The Swiss luxury hotel chain Kempinski said on April 9 that it was dropping plans to open a huge pyramid-shaped hotel that has stood half-built for decades in North Korea amid escalating tensions on the Korean peninsula.
“Kempinski Hotels confirms that KEY International, its joint venture partner in China with Beijing Tourism Group, had initial discussions to operate a hotel in Pyongyang, North Korea,” Brigitte Hohl Taylor, a spokeswoman told AFP in an e-mail.
“However, no agreement has been signed since market entry is not currently possible,” she said, adding in a phone conversation that the discussions had been halted.
In November last year, the Geneva-based luxury hotel chain said it hoped to open Pyongyang’s 105-storey Ryugyong Hotel — a monolithic concrete shell dubbed the “Hotel of Doom” by international media that has been repeatedly delayed — in July or August this year.

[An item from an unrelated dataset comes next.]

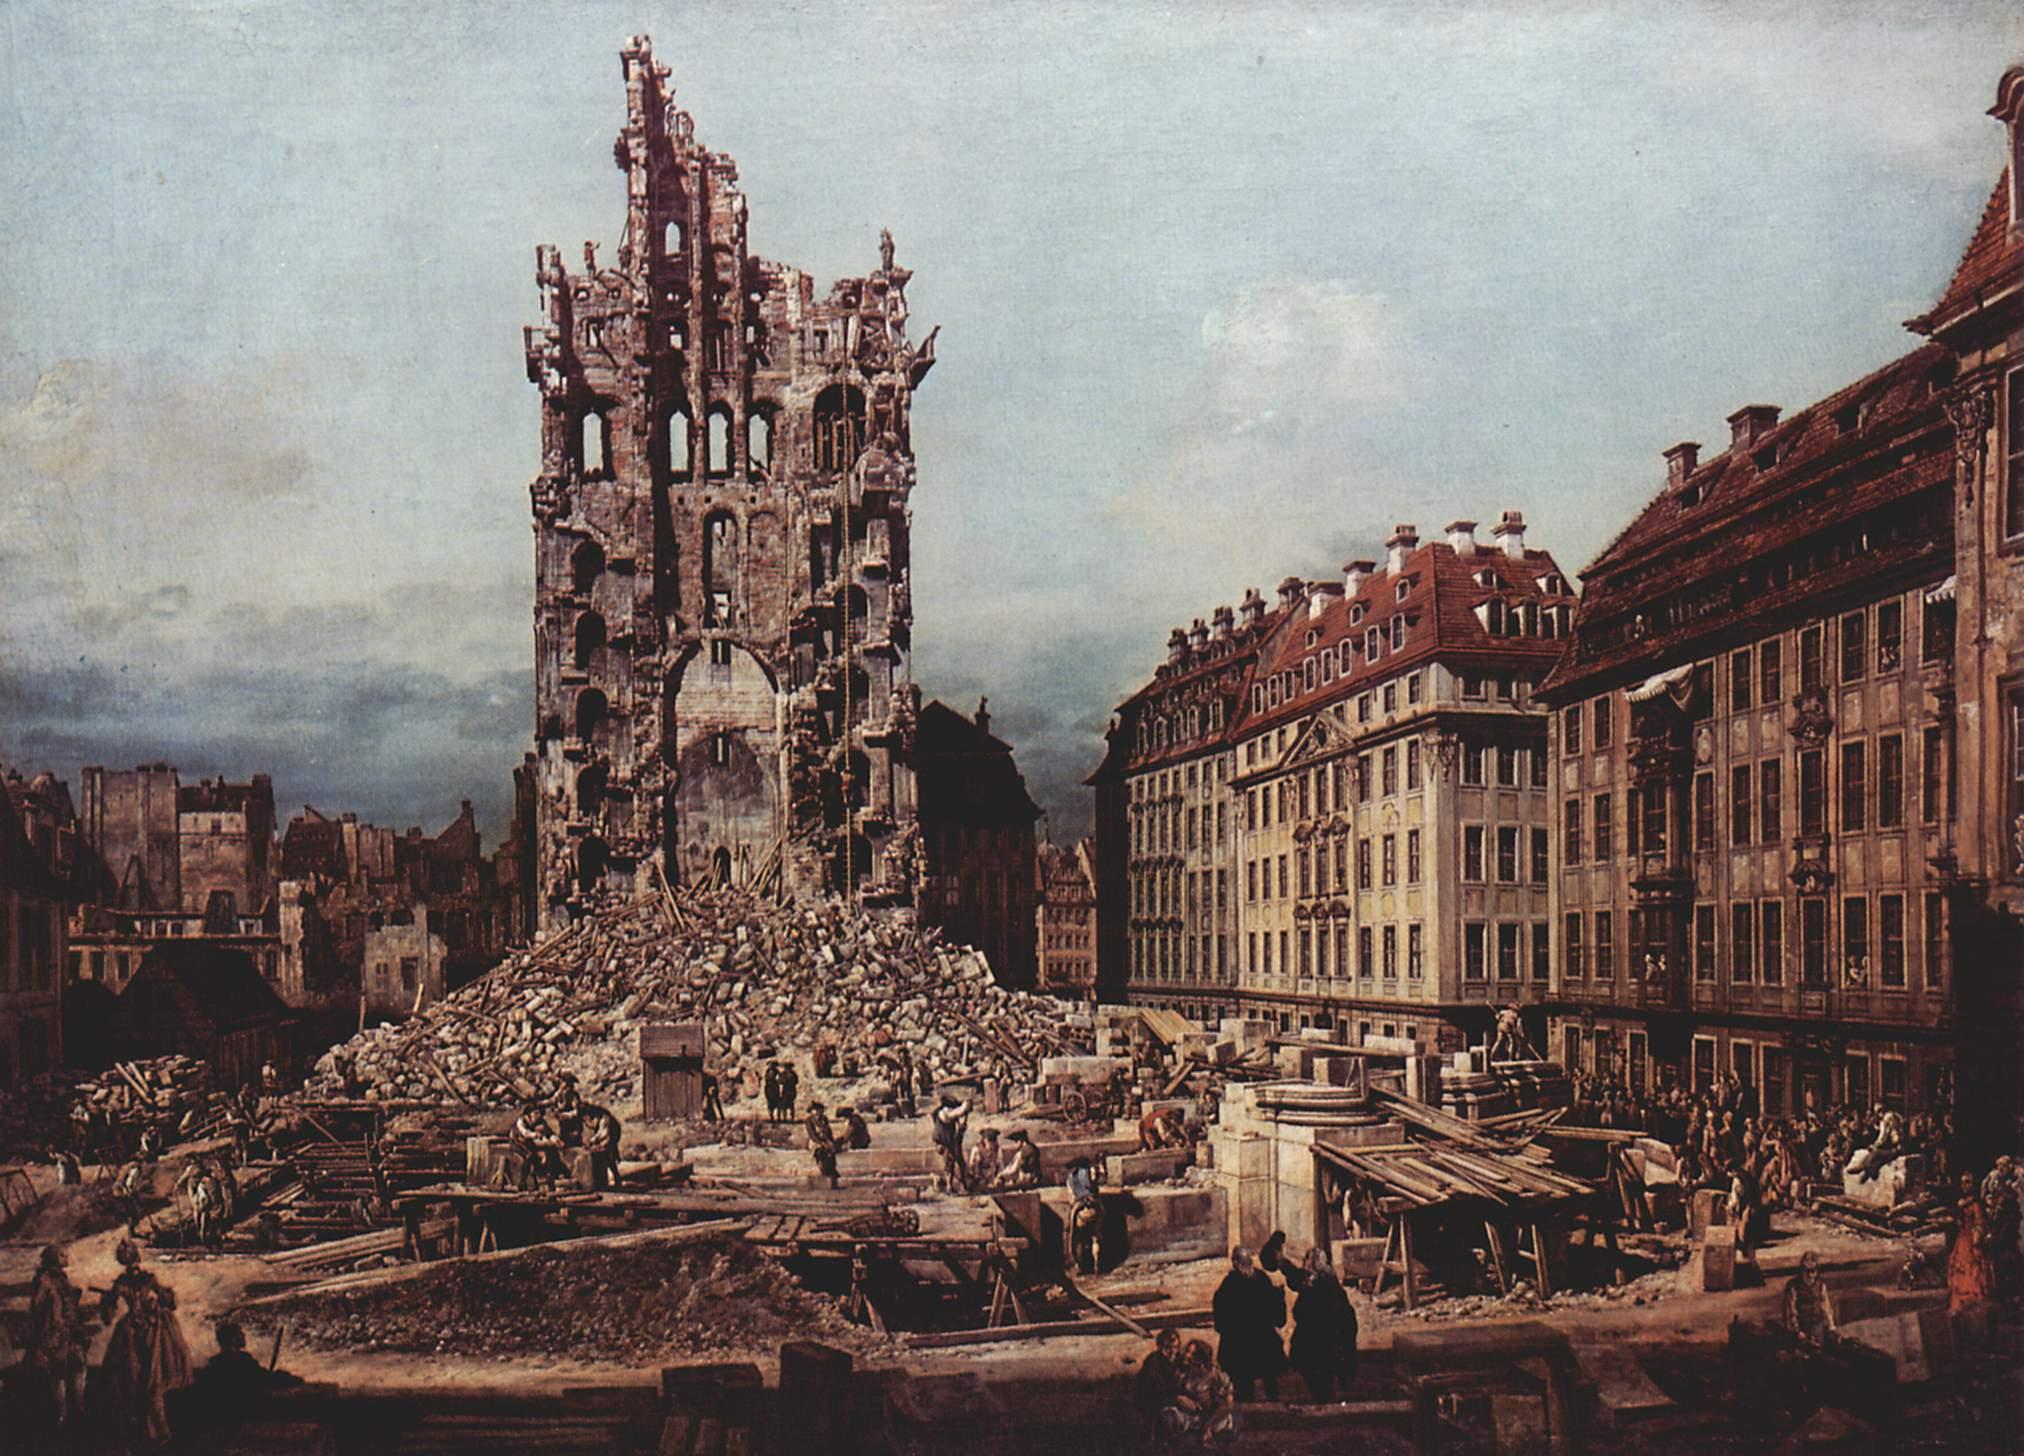 Вид Дрездена, руины церкви Воздвижения, вид с востока, Джованни Антонио Каналетто 1
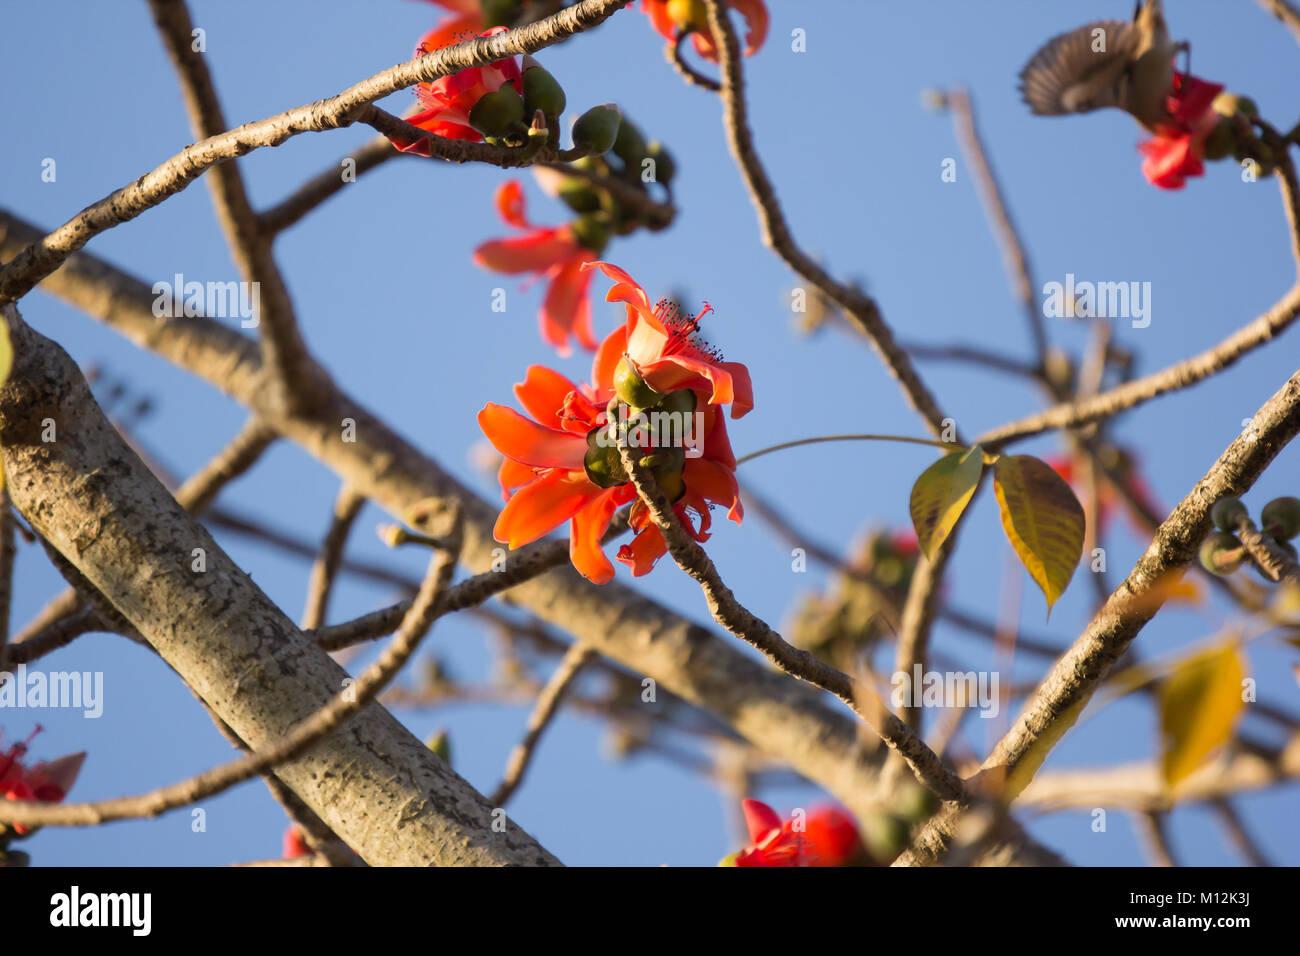 Flower of Bombax ceiba tree with blue sky background Stock Photo

On April 7, however, the South China Morning Post reported that the Swiss company had decided to ditch the project amid the increasingly bellicose rhetoric from the North Korean regime.
Former North Korean leader Kim Jong-Il reportedly ordered construction of the Ryugyong Hotel in 1987, initially with skills and capital from a French company. In 2008 the project was named the “Worst Building in the History of Mankind” by US men’s lifestyle magazine Esquire.